Trotz Ukraine-Russland-Krise und Brexit-Verhandlungen verzeichneten Österreichs Agrarexporte (landwirtschaftsnahe Erzeugnisse plus Erzeugnisse der Lebensmittelindustrie) im ersten Halbjahr 2017 gegenüber dem Vergleichszeitraum 2016 ein wertmäßiges Plus von 7,3 Prozent auf 5,53 Mrd. Euro.

Das Mengenplus lag bei 7,5 Prozent auf 4,82 Mio. Tonnen.
Etwas geringer fiel der Zuwachs bei den Agrarimporten aus: Hier gab es ein wertmäßiges Plus von 4,9 Prozent auf 5,85 Mrd. Euro und ein mengenmäßiges Plus von 2,9 Prozent auf 4,79 Mio. Tonnen. Österreichs agrarischer Außenhandel ist somit nach wie vor leicht negativ.

Unter den Top-10-Exportländern wuchsen im ersten Halbjahr 2017 die agrarischen Ausfuhren nach Tschechien (+19,6 % wertmäßig), in die USA (+12,6 %) und in die Schweiz (+10,7 %) am stärksten. Wichtigster Exportmarkt ist traditionell Deutschland, wohin im ersten Halbjahr 2017 34 Prozent der Exporte gingen.

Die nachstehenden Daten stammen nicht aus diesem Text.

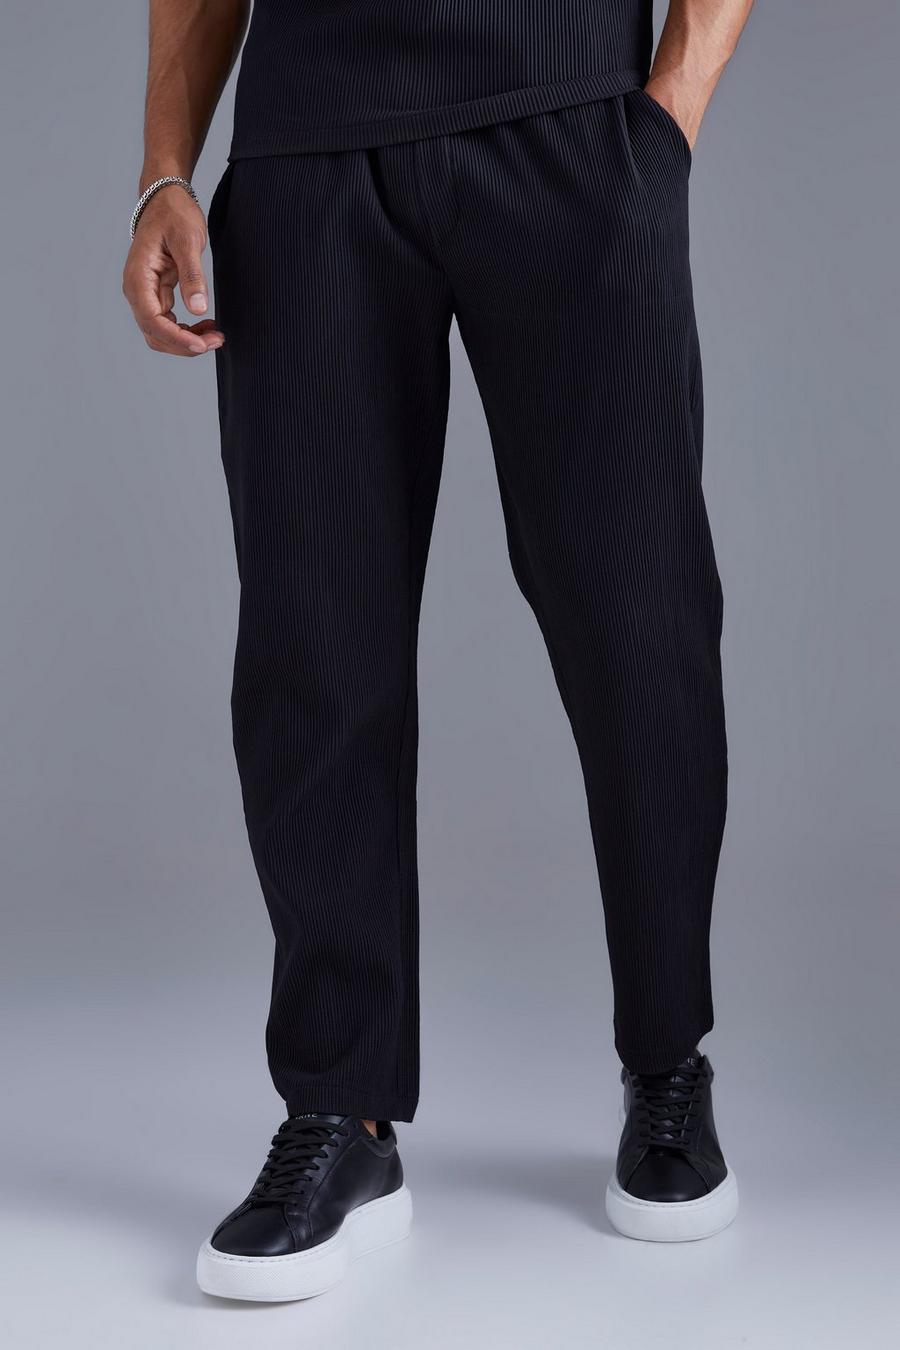 Pantalón plisado ajustado con cintura elástica, Black

Anlässlich der Präsentation der Zahlen betonte Mag. Katharina Koßdorff, Geschäftsführerin im Fachverband der Lebensmittelindustrie, dass das vorliegende EU-Kanada-Abkommen CETA von der Branche begrüßt wird. Einerseits bringt es für viele Lebensmittel und Getränke "Made in Austria" Absatzchancen am kanadischen Markt und andererseits nimmt das CETA-Abkommen auf sehr sensible Agrarwaren und Lebensmittel Rücksicht, so Koßdorff. "Für den Fachverband der Lebensmittelindustrie zählt dieses CETA-Abkommen zur modernsten Form einer bilateralen Handelsvereinbarung, die Grundlage für weitere erfolgreiche EU-Abkommen, vor allem auch im Hinblick auf aktuelle EU-Verhandlungen mit Japan, sein sollte", meinte Koßdorff.